Jingo by Terry Pratchett (1997) 448 p.
Discworld #21 (City Watch #4)



Jingo is one of the Discworld novels I remember best, since I think I started aged around 12 with The Fifth Elephant and, for some reason, worked my backwards through the City Watch books. I remember most of them fairly well, but this must have seared itself into my brain – I remember almost every scene and quite a lot of dialogue. Which makes it difficult to assess. Frankly it’s less interesting than I remember, but perhaps that’s because I remember it so well that there was nothing to surprise me?

Concerning a confrontation between Ankh-Morpork and its neighbour across the Circle Sea, Klatch (a stand-in for vaguely Middle Eastern countries), you’d imagine the fundamental theme of the book to be war. Not really. It has much to say about statecraft and patriotism and of course jingoism, but not about the business of war itself – though Pratchett returns to the subject in Monstrous Regiment. And despite the fact that the war is kicked off (or at least hastened along) by an assassination attempt on a visiting Klatchian dignitary to Ankh-Morpork, it feels like an odd book for Sam Vimes to be the centre of. (Though this is far more egregious in Monstrous Regiment, where even as a teenager, I thought he had no business being in.)

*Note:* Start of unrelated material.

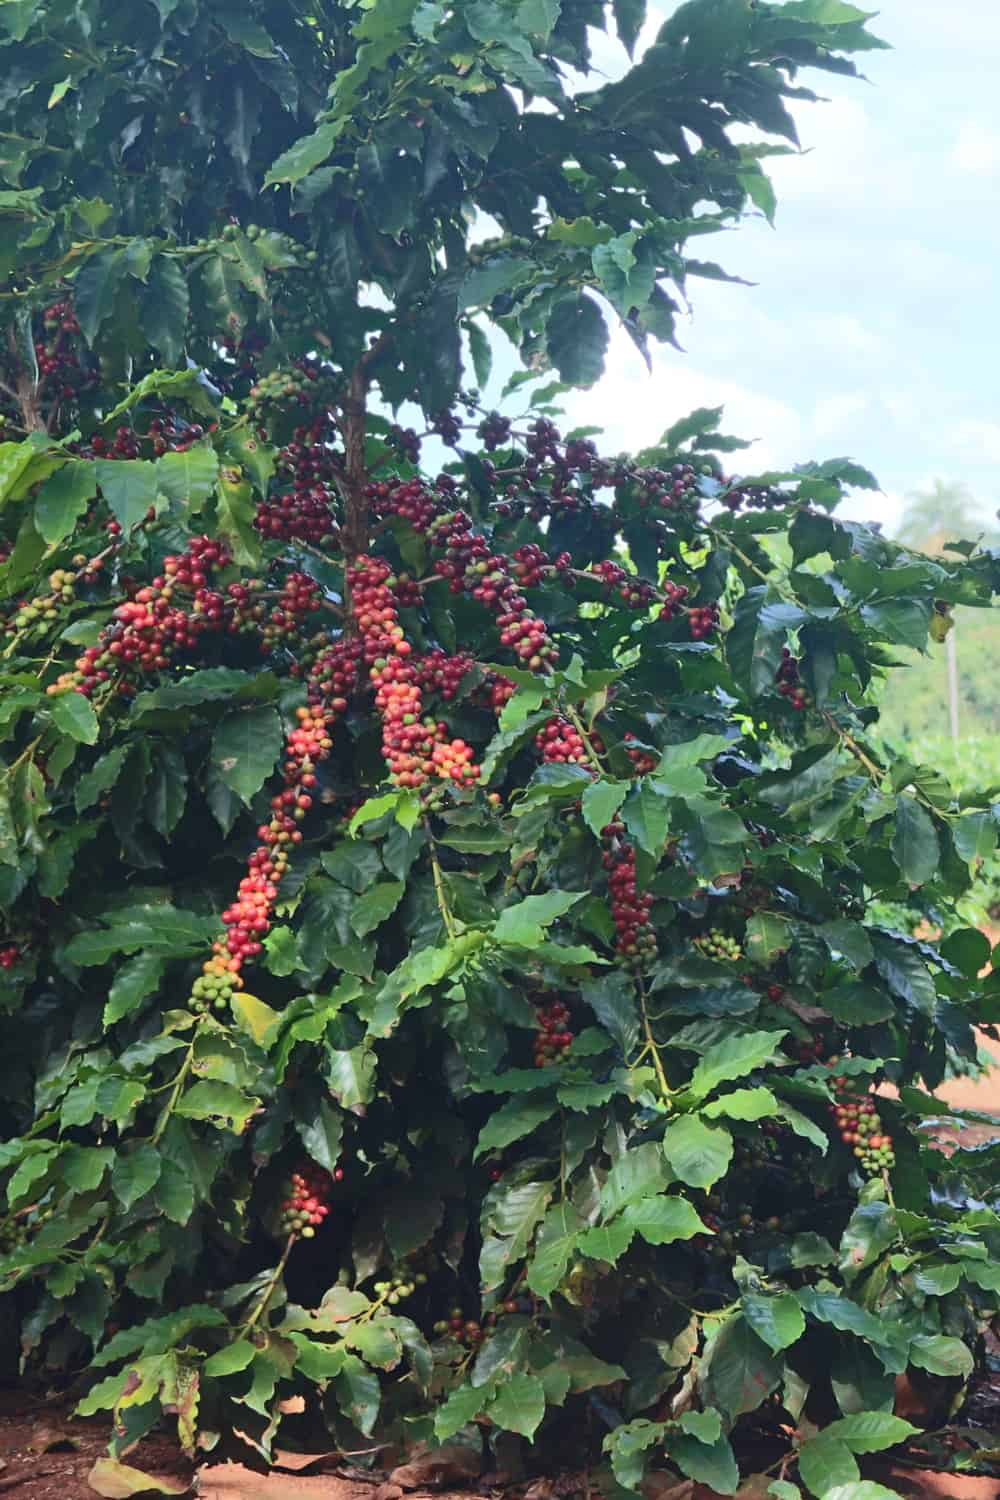 Growing conventional coffee

There’s some good stuff in here as always. A particularly clever plot trick is the use of Vimes’ magical PDA, which begins giving him more useful appointments by telling him what is about to happen in the immediate future; and the twist which occurs (which only Pratchett could pull off) when, at a critical moment of decision, two Vimes in alternate universes accidentally grab each other’s PDAs. And so while Vimes is going after one of his abducted officers, dragging along whichever members of the Watch he could round up to get to Klatch where Captain Carrot starts playing Lawrence of Arabia, he begins receiving rather eerie and brutal butterfly-effect updates of what’s happening in a parallel universe where he stayed in Ankh-Morpork. Put like that it seems confusing and silly, but on the page, Pratchett makes it work beautifully.

Next up is Carpe Jugulum, a Witches book which many consider to be excellent but which I don’t recall very well. Hopefully that’s actually a good sign.